Cut back detection latency to underneath 500 milliseconds on the ninety fifth percentile
Preserve detection accuracy throughout monitored information varieties
Proceed to help EU information residency compliance
Allow scalable structure for manufacturing masses

This submit walks by way of how Harmonic Safety used Amazon SageMaker AI, Amazon Bedrock, and Amazon Nova Professional to fine-tune a ModernBERT mannequin, reaching low-latency, correct, and scalable information leakage detection.

Answer overview

Harmonic Safety’s preliminary information leakage detection system relied on an 8 billion (8B) parameter mannequin, which successfully recognized delicate information however incurred 1–2 second latency, which ran near the brink of impacting consumer expertise. To attain sub-500 millisecond latency whereas sustaining accuracy, we developed two classification approaches utilizing a fine-tuned ModernBERT mannequin.

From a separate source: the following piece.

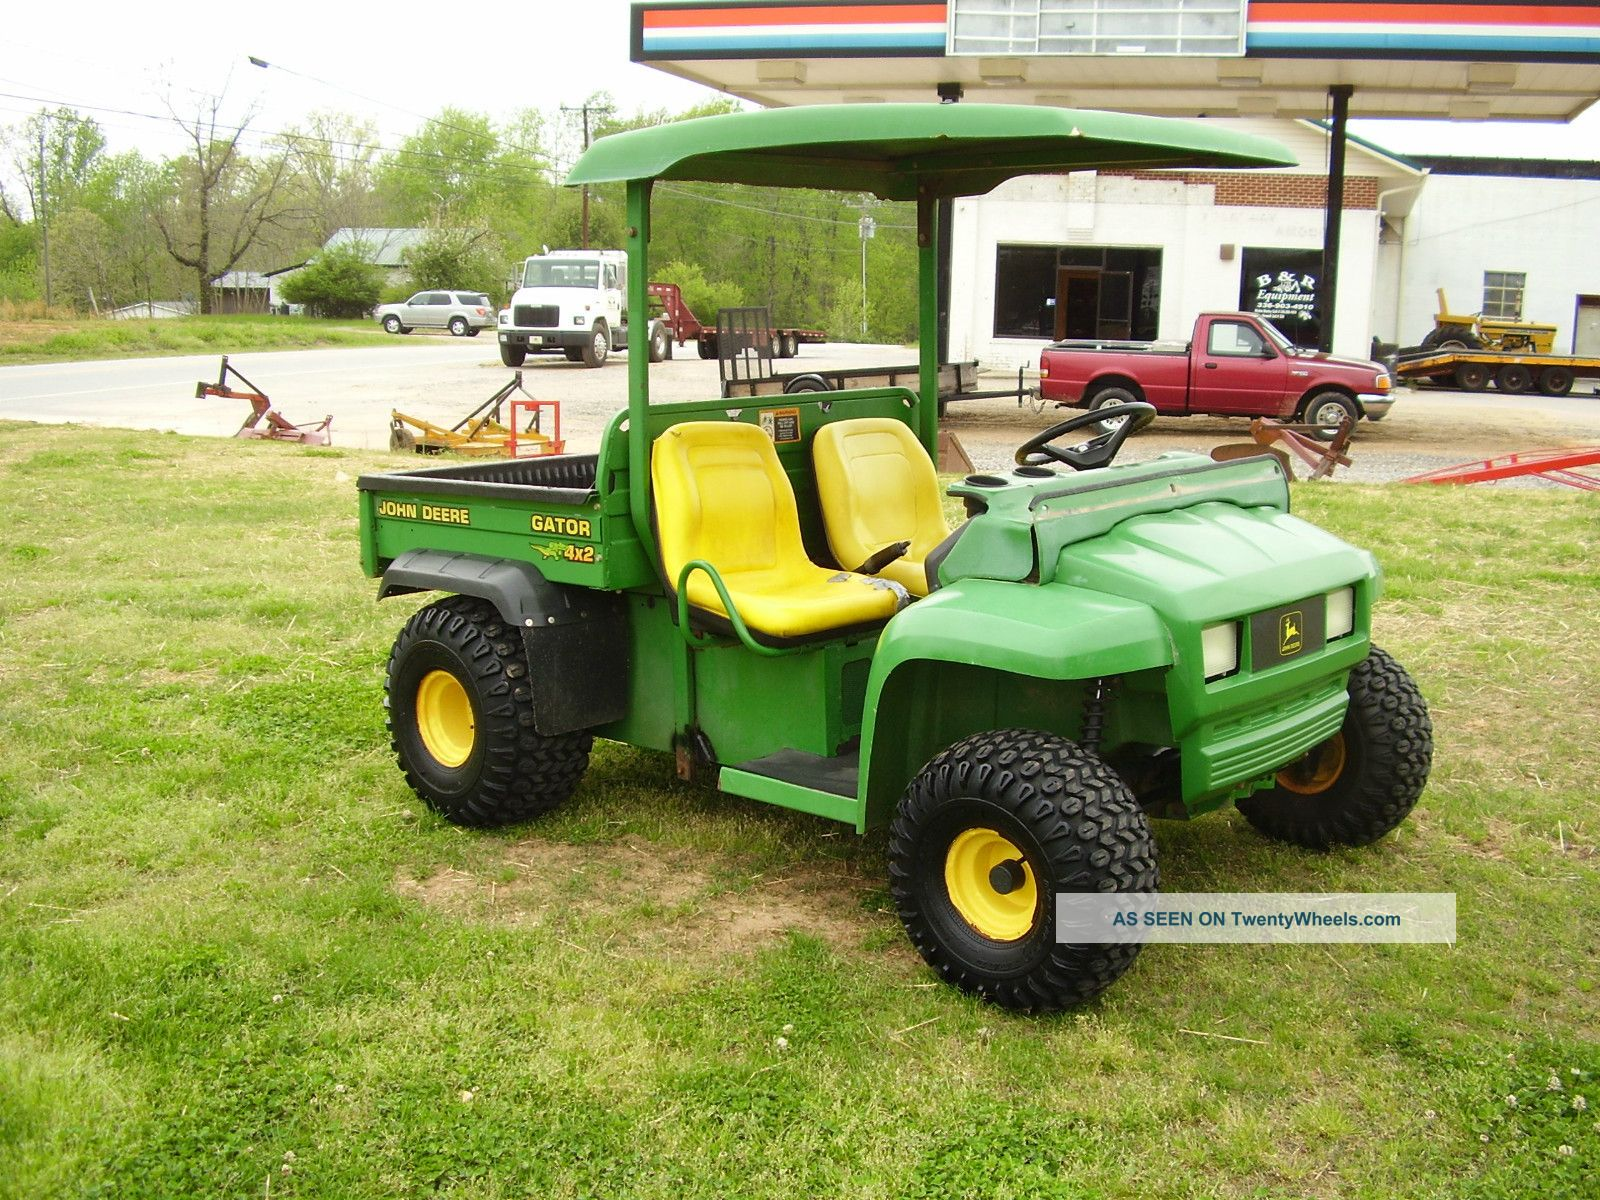 John Deere 4 X 2 Gator Runs Good Tractors photo

First, a binary classification mannequin was prioritized to detect Mergers & Acquisitions (M&A) content material, a important class for serving to forestall delicate information leaks. We initially targeted on binary classification as a result of it was the best strategy that might seamlessly combine inside their present system that invokes a number of binary classification fashions in parallel. Secondly, as an extension, we explored a multi-label classification mannequin to detect a number of delicate information varieties (equivalent to billing info, monetary projections, and employment data) in a single go, aiming to scale back the computational overhead of working a number of parallel binary classifiers for higher effectivity. Though the multi-label strategy confirmed promise for future scalability, Harmonic Safety determined to stay with the binary classification mannequin for the preliminary model.The answer makes use of the next key companies:

The next diagram illustrates the answer structure for low-latency inference and scalability.

The structure consists of the next parts:

Mannequin artifacts are saved in Amazon Easy Storage Service (Amazon S3)
A customized container with inference code is hosted in Amazon Elastic Container Registry (Amazon ECR)
A SageMaker endpoint makes use of ml.g5.4xlarge cases for GPU-accelerated inference
Amazon CloudWatch displays invocations, triggering auto scaling to regulate cases (1–5) based mostly on an 830 requests per minute (RPM) threshold.

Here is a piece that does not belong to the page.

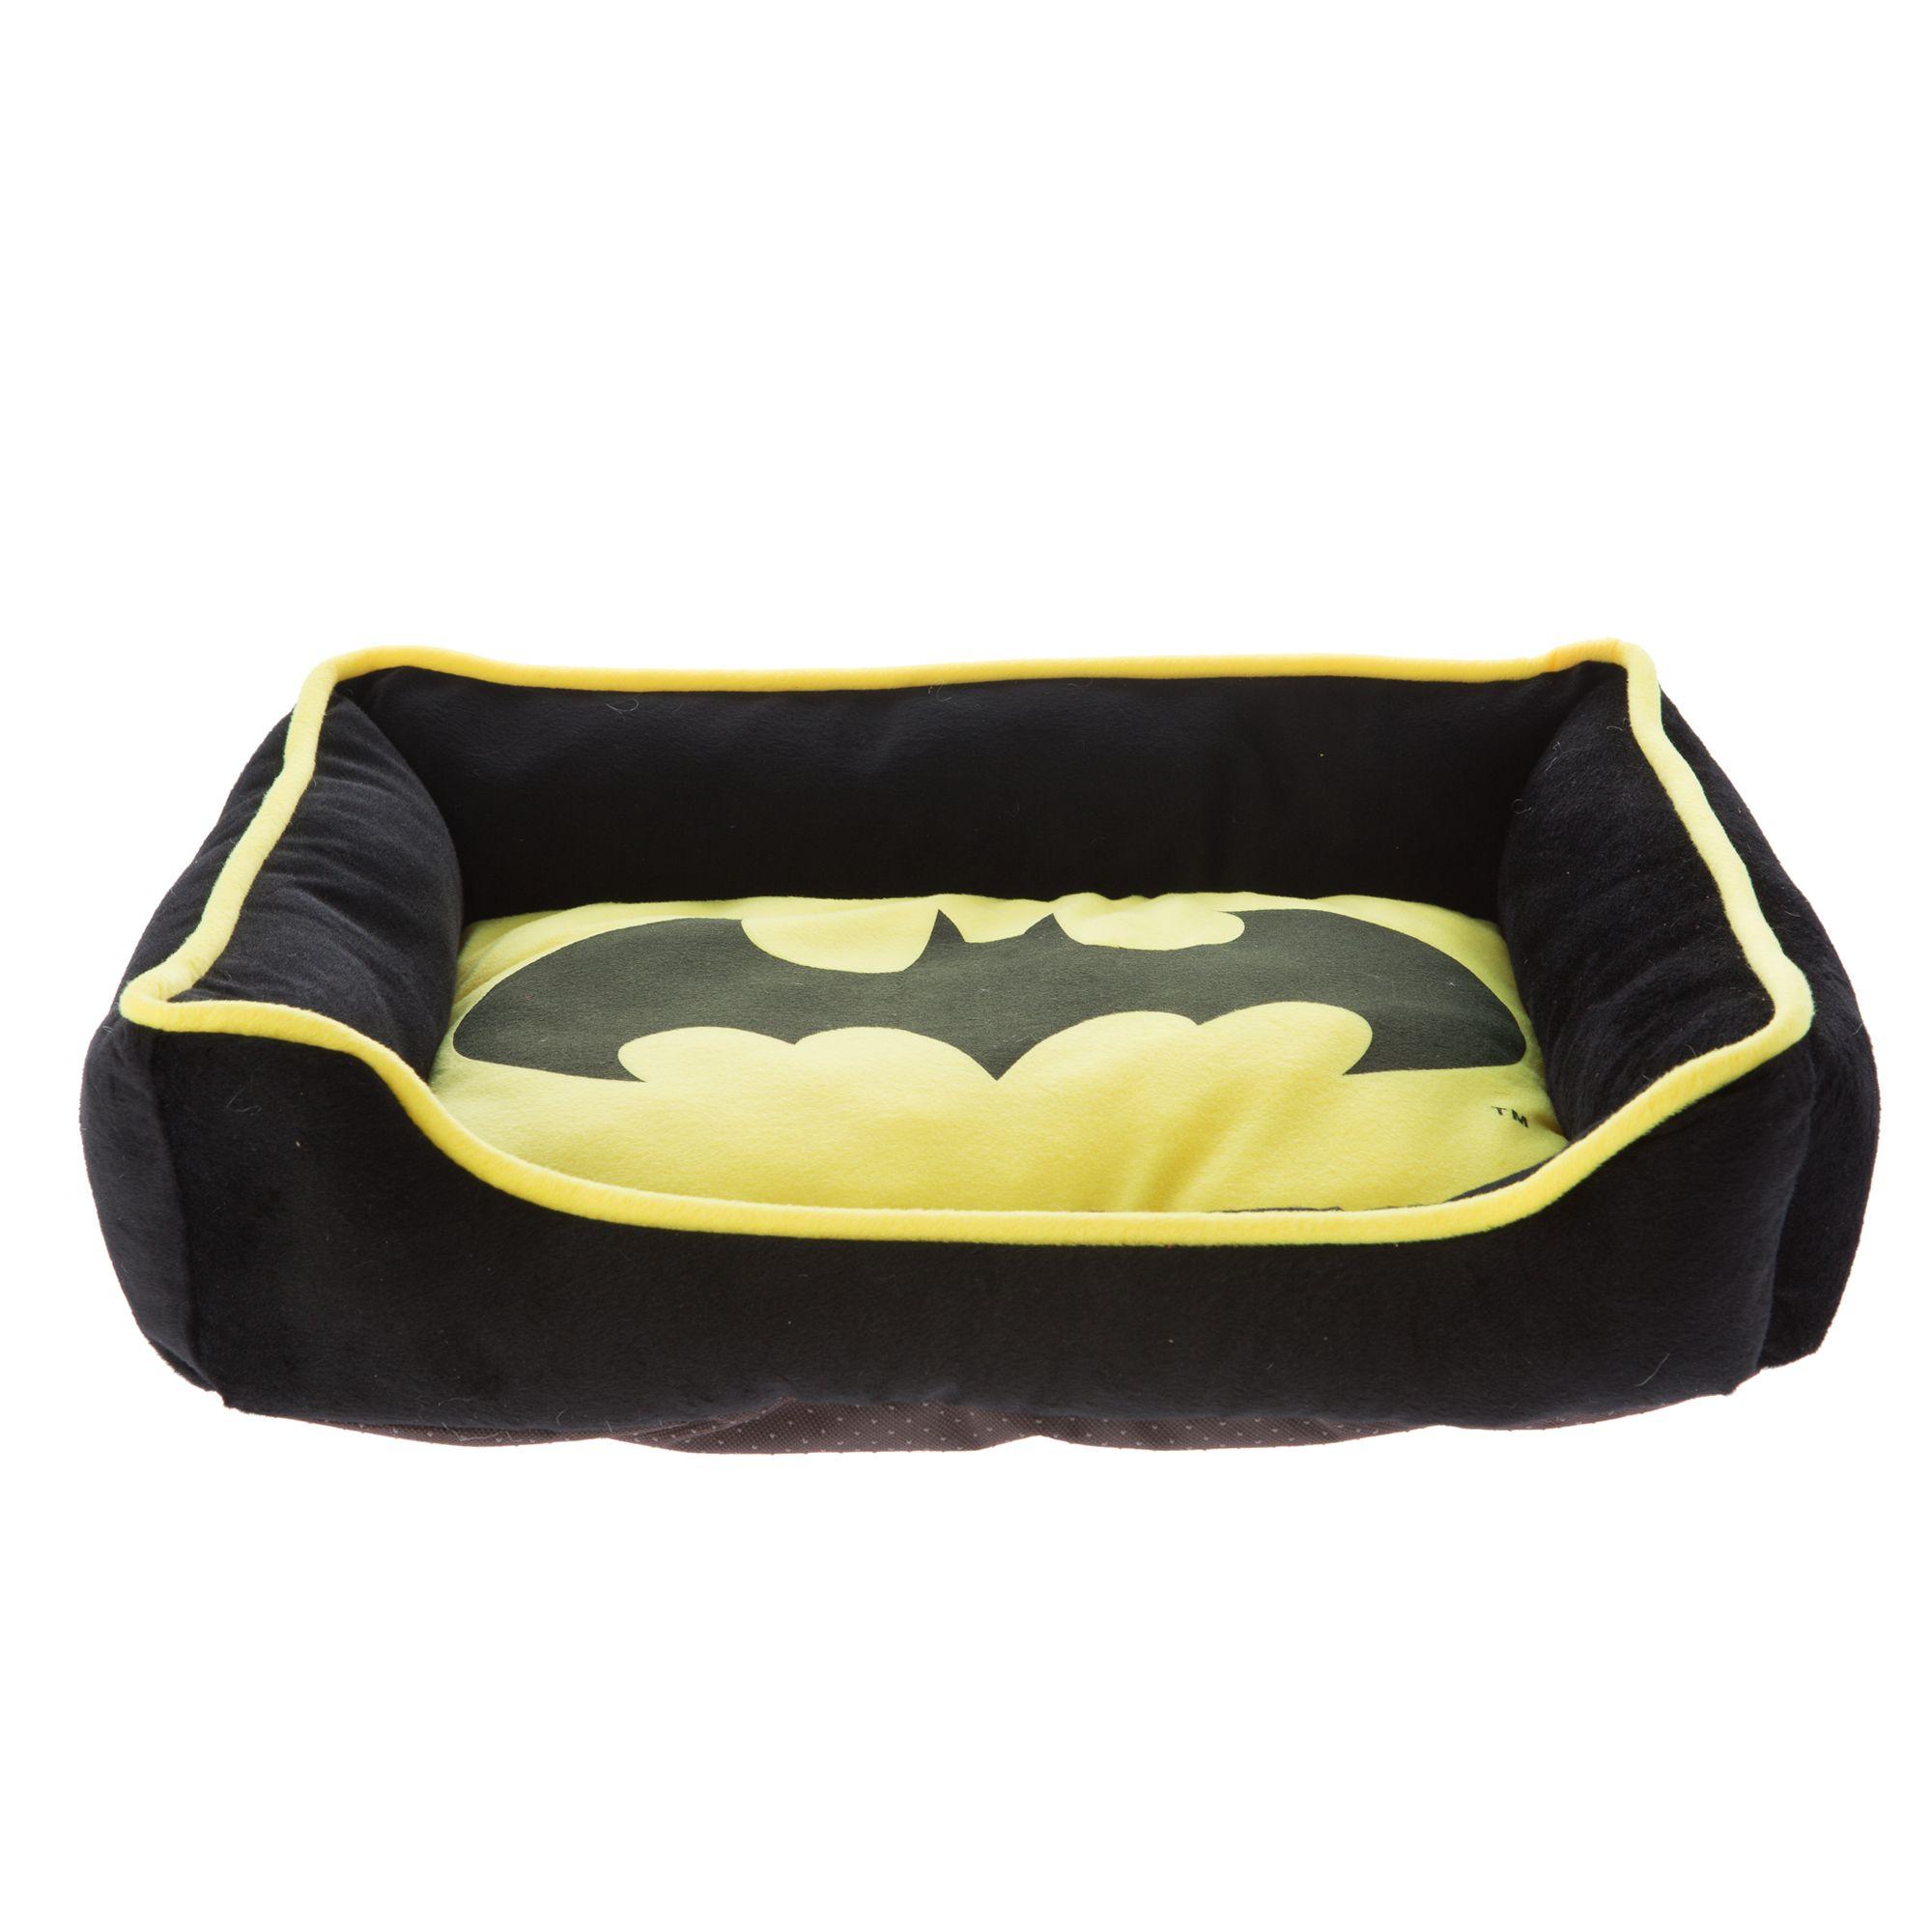 Dc Comics Batman Cuddler Dog Bed Size 19l X 15w

The answer helps the next options:

Sub-500 milliseconds inference latency
EU AWS Area deployment help
Computerized scaling between 1–5 cases based mostly on demand
Price optimization throughout low-usage durations

Artificial information era

Excessive-quality coaching information for delicate info (equivalent to M&A paperwork and monetary information) is scarce. We used Meta Llama 3.3 70B Instruct and Amazon Nova Professional to generate artificial information, increasing upon Harmonic’s current dataset that included examples of information within the following classes: M&A, billing info, monetary projection, employment data, gross sales pipeline, and funding portfolio. The next diagram offers a high-level overview of the artificial information era course of.

Information era framework

The artificial information era framework is comprised of a collection of steps, together with:

Good instance choice – Okay-means clustering on sentence embeddings helps numerous instance choice
Adaptive prompts – Prompts incorporate area information, with temperature (0.7–0.85) and top-p sampling adjusted per class
Close to-miss augmentation – Unfavourable examples resembling constructive circumstances to enhance precision
Validation – An LLM-as-a-judge strategy utilizing Amazon Nova Professional and Meta Llama 3 validates examples for relevance and high quality

Binary classification

For the binary M&A classification job, we generated three distinct forms of examples:

Optimistic examples – These contained specific M&A info whereas sustaining practical doc constructions and finance-specific language patterns. They included key indicators like “merger,” “acquisition,” “deal phrases,” and “synergy estimates.”
Unfavourable examples – We created domain-relevant content material that intentionally prevented M&A traits whereas remaining contextually applicable for enterprise communications.
Close to-miss examples – These resembled constructive examples however fell simply outdoors the classification boundary. As an example, paperwork discussing strategic partnerships or joint ventures that didn’t represent precise M&A exercise.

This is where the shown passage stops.